Or a way of lessening their guilt? 



> "I know I was bad to have sex with the OM/OW, but if I have sex with my spouse on the same day after I saw my lover, well, that means I am not cutting them off from sex, so I am bad, but I am not all bad. Am I?




So stupidly, sadly confused...


----------



## Hope1964 (Sep 26, 2011)

I really, really hope things work out for you. You sound so sad, my heart goes out to you. Please keep us updated, and steel yourself for another D day. 

Have you been STD tested?

PLEASE make sure you have a line drawn for next time and if/when she crosses it, MAKE SURE that is THE END of it.
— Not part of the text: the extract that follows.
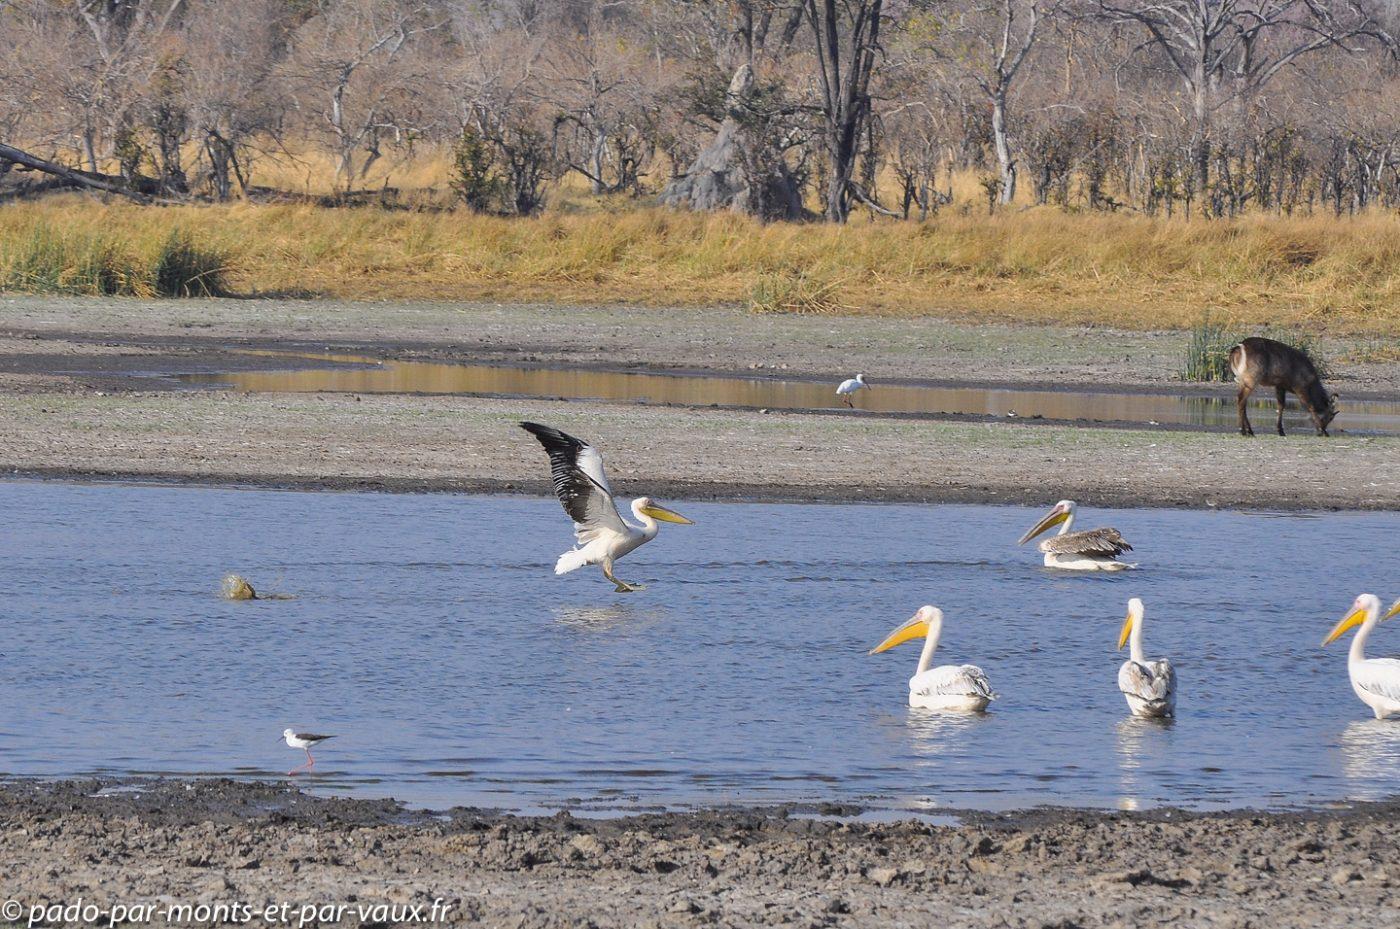 Botswana 2013 - Moremi - Pelicans blancs

Please.


----------



## itom72 (Apr 12, 2012)

keko said:


> Good luck.
> 
> Please report back on the next Dday.


And there _*will*_ be another D-Day... and another... and another... until OP finally realizes that she is neither the woman he thought she was, or the woman he wants her to be - and that she'll *never* be either of these.

Stories like the OP's are particularly painful to read. You just want to say to guys like him "Look, why don't you just have the word 'WELCOME' tattooed across your forehead, and she can wipe her feet on you whenever she crosses the threshold?"


----------



## Gabriel (May 10, 2011)

I think each time you cave, your W thinks less and less of you. This chick flat out married way too young, never got her philandering out of her system. She has cheated now, four times? She's on the second strike of her second time at bat.

OP, you do realize you are in a one-sided open marriage, right? 

I just don't understand how someone can forgive their spouse more than once. 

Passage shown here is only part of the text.